§ **TASK PROMPT**
Your output consists solely of the lines from the one that contains "Page 14 of doujinshi Daydream - 백일몽" to the end of the material, each reproduced exactly; pictures do not belong in it.

§ **DATA PROVIDED**
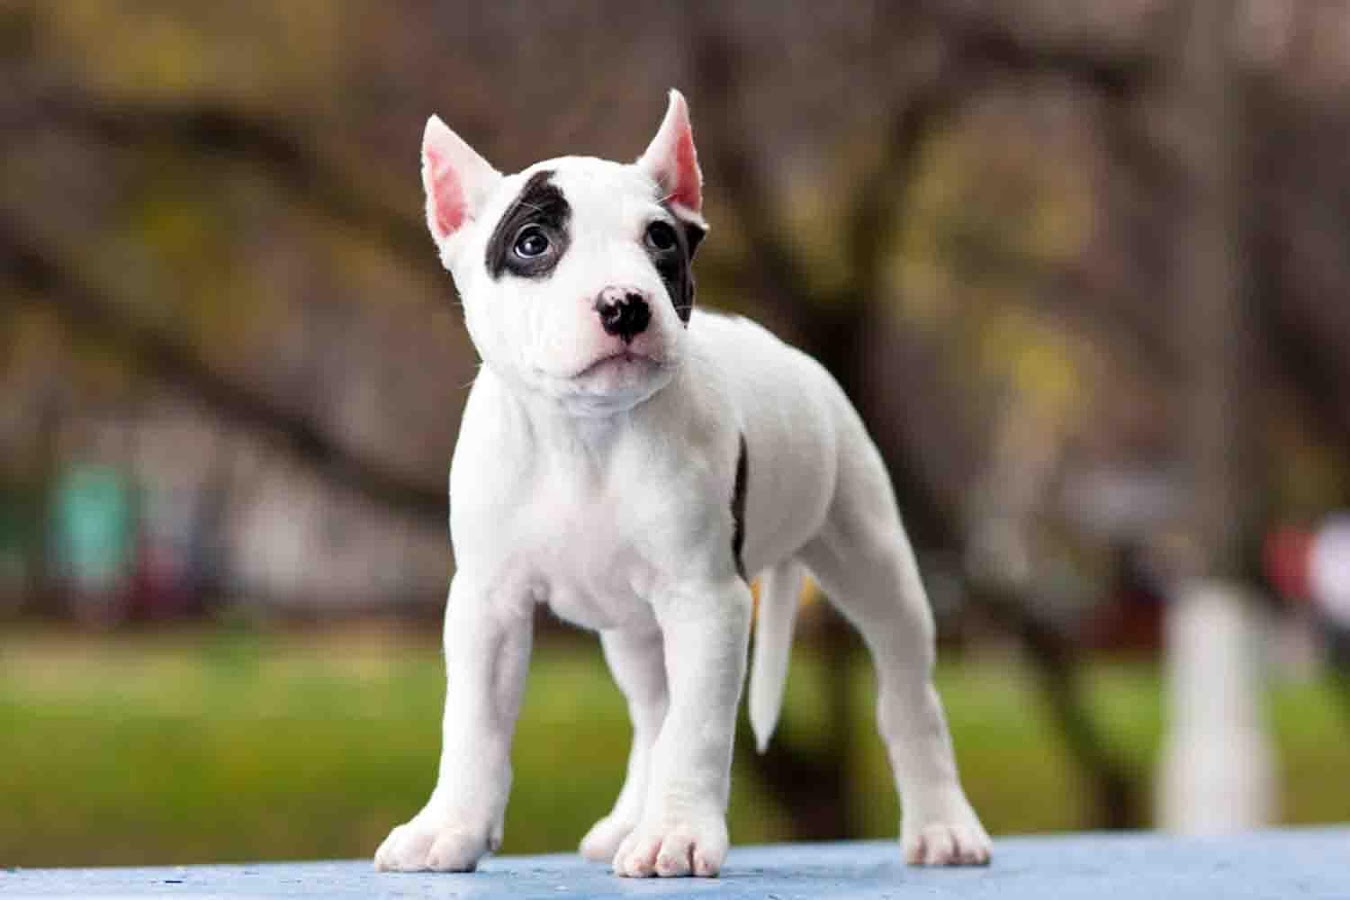 Puppy Pitbull Wallpaper - Android Apps on Google Play
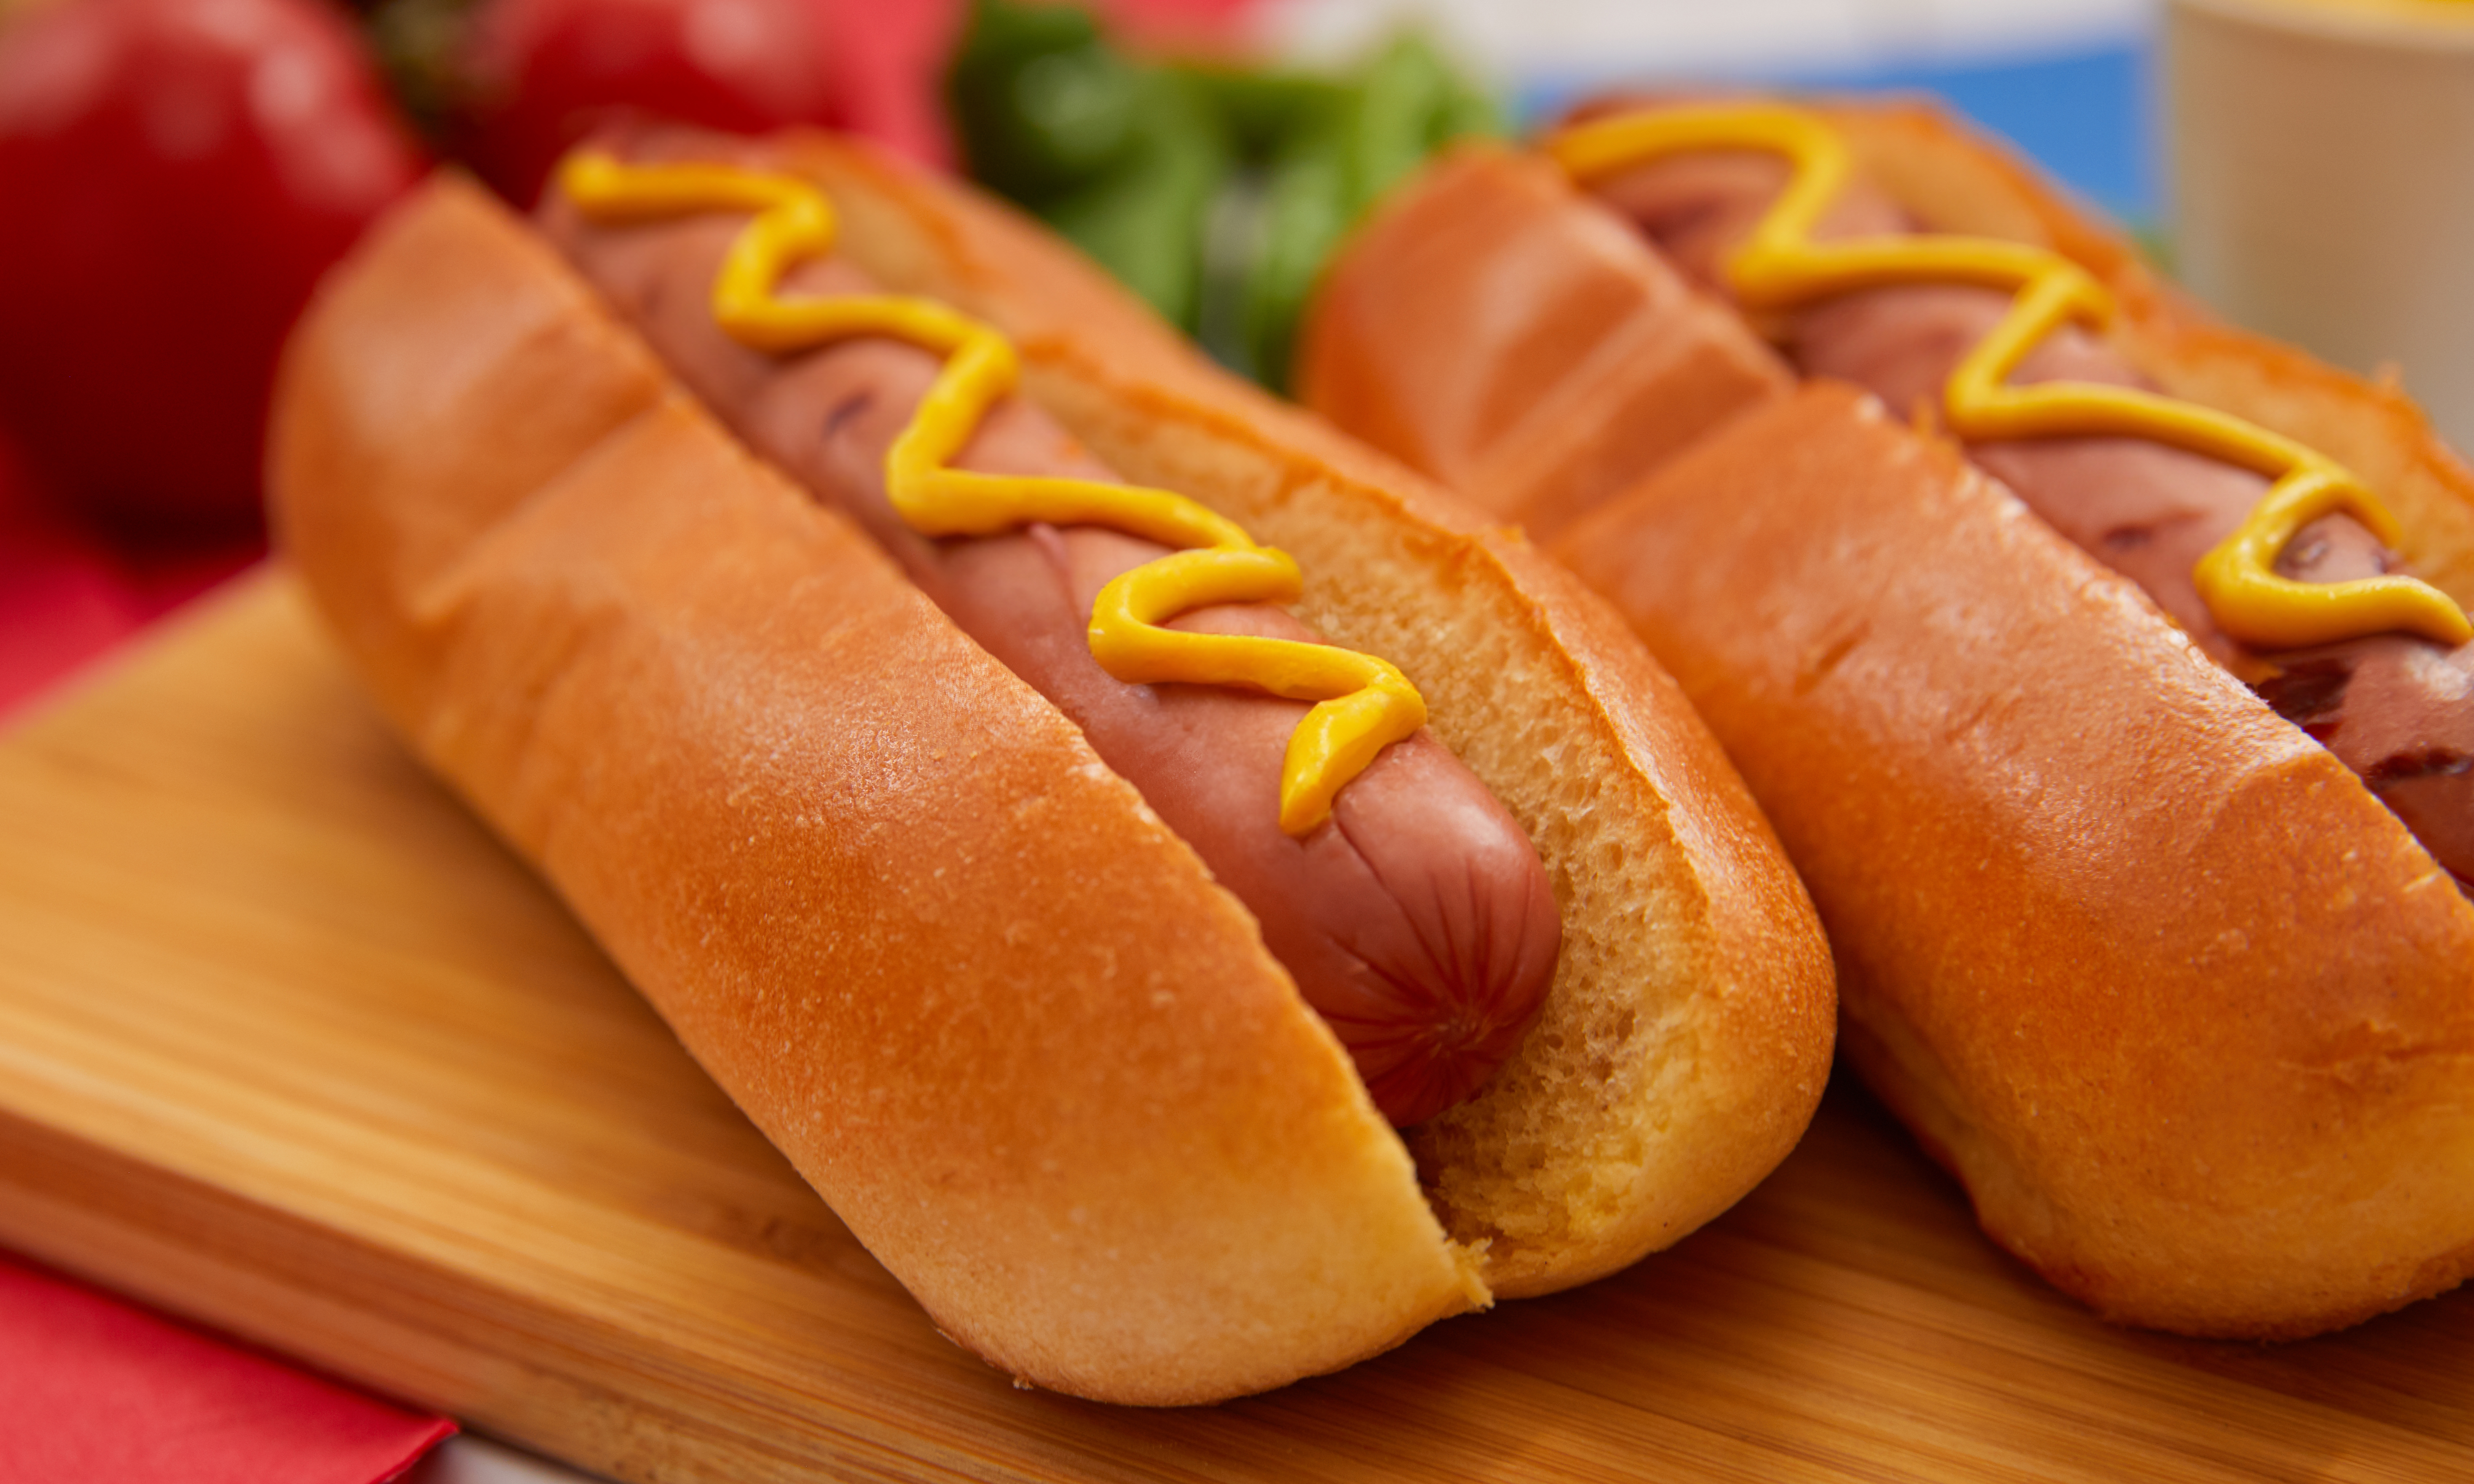 11 National Hot Dog Day deals that are frankly delicious
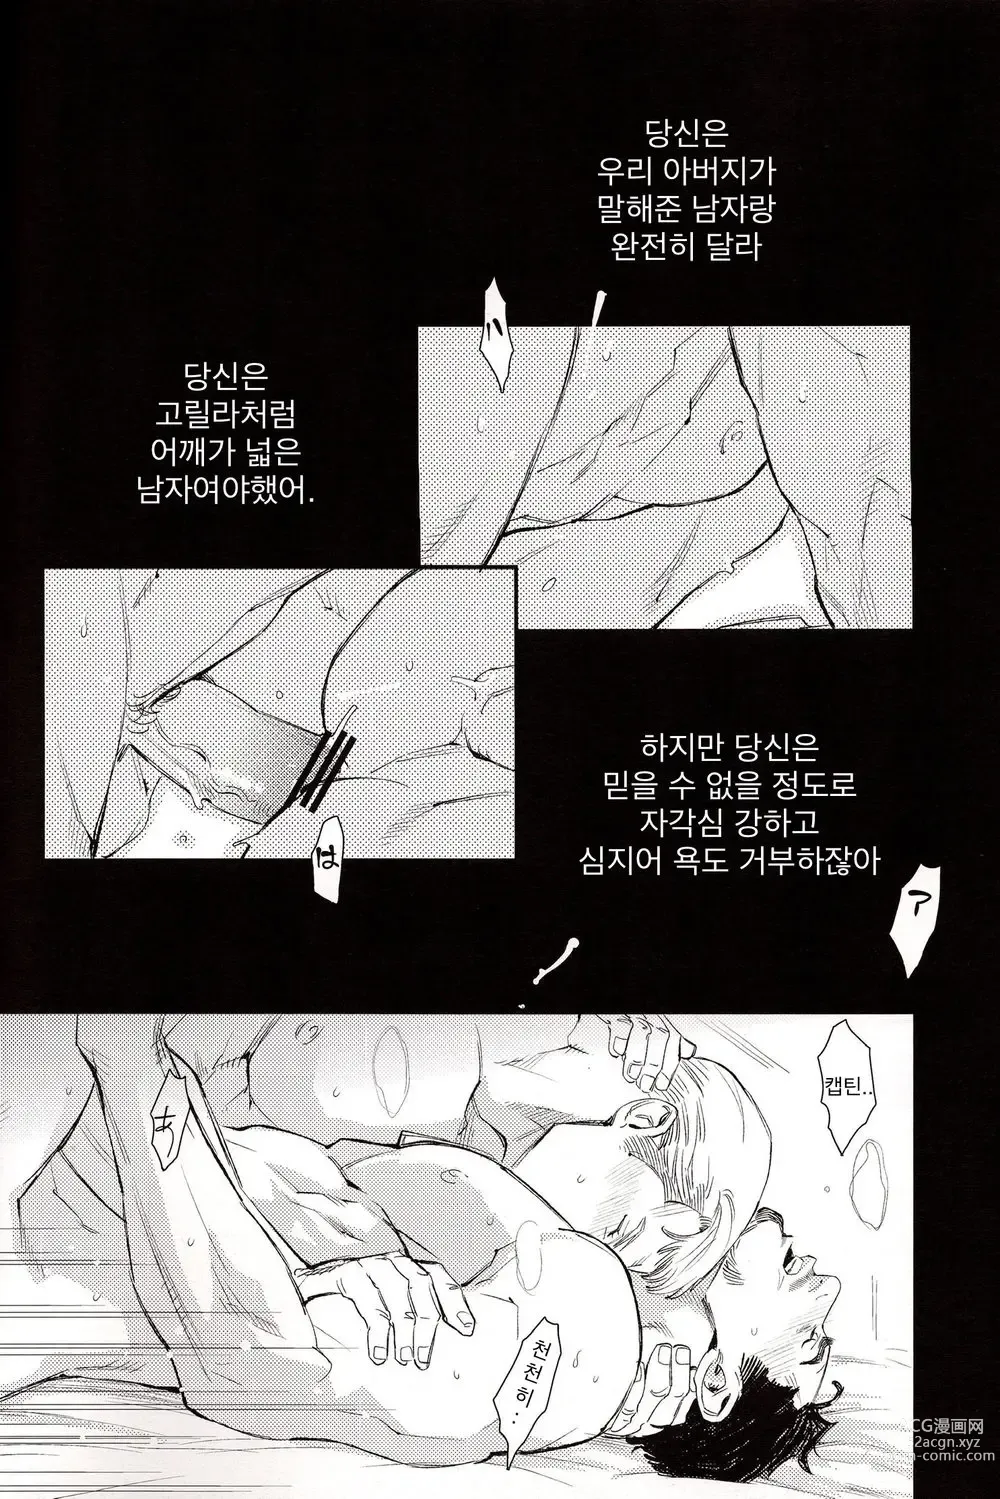 Page 14 of doujinshi Daydream - 백일몽
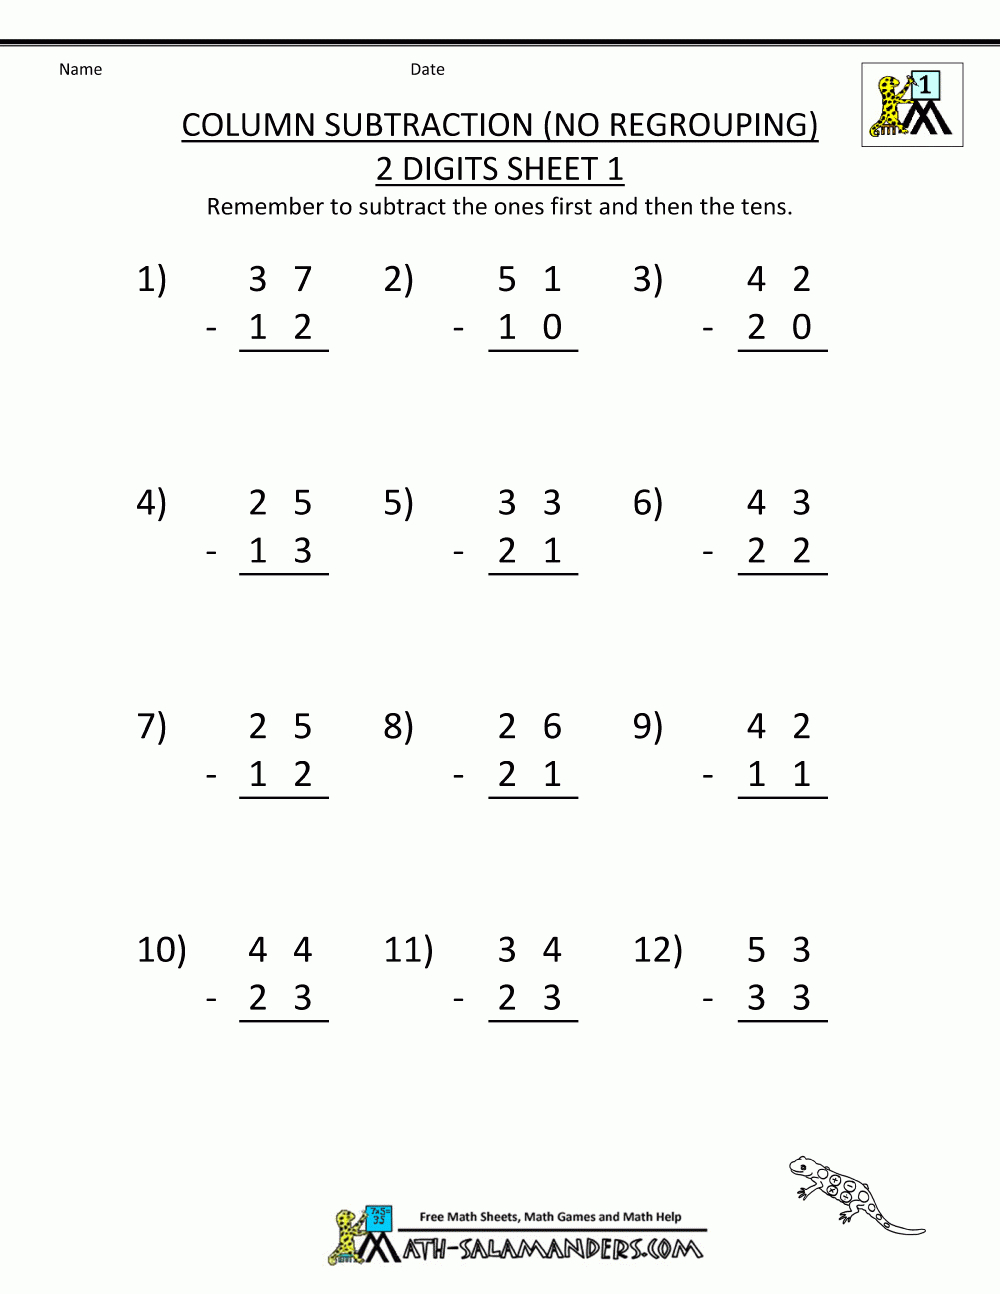 2 Digit Subtraction Worksheets | Printable Subtraction Worksheets With Regrouping

§ **SOLUTION TO THIS EXERCISE**
 Page 14 of doujinshi Daydream - 백일몽
 2 Digit Subtraction Worksheets | Printable Subtraction Worksheets With Regrouping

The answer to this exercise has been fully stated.